Considering Decred as an example: 40,320 tickets are called to vote during a rule-change interval, 75% of those that don’t abstain must vote Yes for a rule change to be approved. Right now, each of those tickets is paying a reward of around $91, and Live tickets represent 47% of available DCR. Any effort to bribe Decred Voters is in the context that they are already being rewarded for voting.

Asking a Decred Voter to participate in a Dark DAO would be asking them to expose their locked DCR (and prospective reward) to devaluation upon a successful attack, the reward would have to be very high to justify this risk. As tickets vote after random intervals (average one month but up to 4.5 months) there is no way to execute a ticket-based attack without holding (or influencing the holders of) most of the DCR that backs those tickets.

I don’t agree that on-chain governance is inherently plutocratic, and see very little value in pushing this narrative so hard— projects are doing it, this is a good time for these experiments because the stakes are still relatively low, we’ll see how it goes. People probably will sell their votes in some cases to some degree, but I would be surprised if all of the projects with on-chain governance come to be characterized by vote-buying.

In an effort to move this discourse somewhere more interesting, here are some parameters that seem useful in thinking about whether an on-chain governance system is vulnerable to a bribery attack:

What is the threshold at which individual holders can be bribed? This probably has a wide distribution between speculators with little interest in the project’s long-term success and founders, who are invested emotionally (as well as financially) in the project’s success.

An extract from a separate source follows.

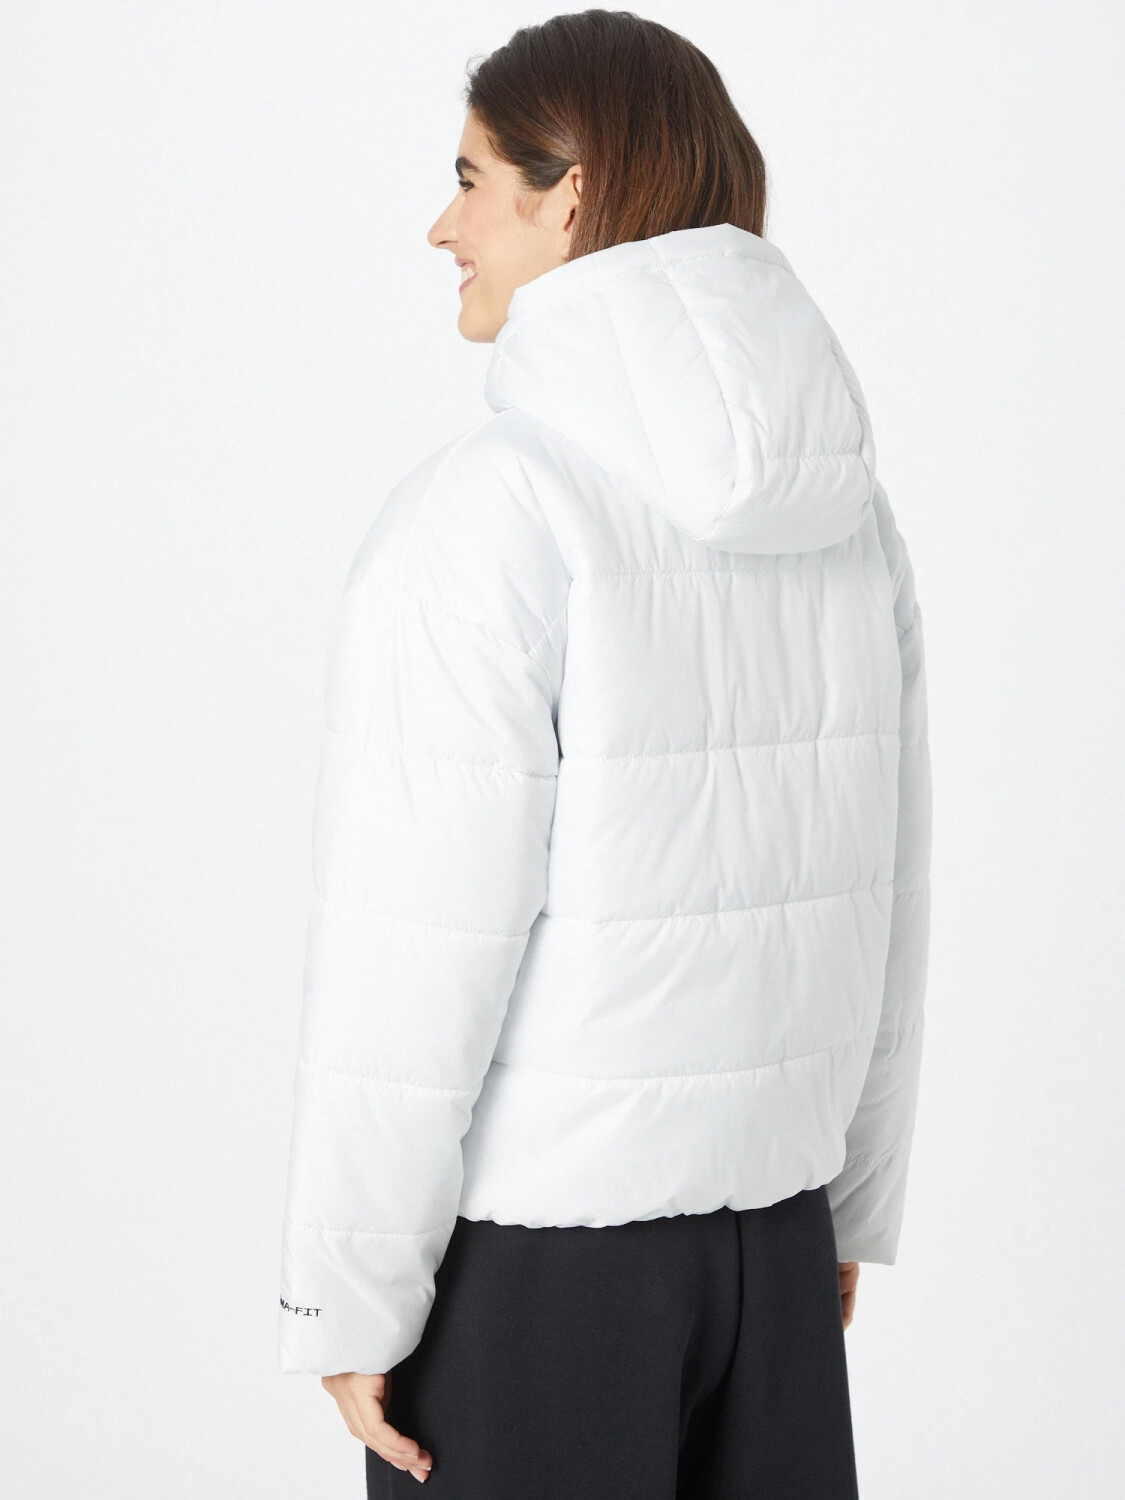 CHAQUETA BLANCA MUJER THERMA-FIT DX1797

This would also vary from vote to vote, a holder who is disinterested in one vote (and would perhaps sell their vote cheaply), may be much more expensive to buy for another vote. In a scenario like the Dark DAO, if holders sell their voting power carte blanche — presumably they would ask a much higher price if their votes could be used to attack the blockchain (and devalue their holdings).

How much is at stake? Voters will be rewarded for their vote-selling, presumably enough that the transaction makes sense for them financially or they wouldn’t do it. The people who are more likely to be negatively affected are holders/users who do not participate in voting/staking. If participation in staking/voting is lower, it is more likely for an attack that damages users to succeed.

How liquid is the stake? Liquidity of this stake is also important, if parties to an attack can un-stake and sell their holdings quickly or predictably, they are more likely to be able to execute an attack without suffering the consequences.

How many Voters are there? This affects the chances of buying enough votes to make a difference secretly. It would be difficult to pull off a genuinely secret bribery attack if one must recruit thousands of Voters. Even if the method of implementation facilitates privacy, people talk.

How are votes/coins distributed? Difficult to know with confidence but definitely important. If a small group commands a majority stake, governance is probably very resistant to vote buying — but also an obfuscated oligarchy, which is not great.

Is voting direct on issues or to elect delegates? Delegated voting has its own set of vulnerabilities. When electors vote for multiple candidates this seems rife for cartels forming, and if that constituency is receiving a big chunk of the block reward those cartels could get locked in pretty quickly. I haven’t looked at any DPoS projects in much detail (yet) though.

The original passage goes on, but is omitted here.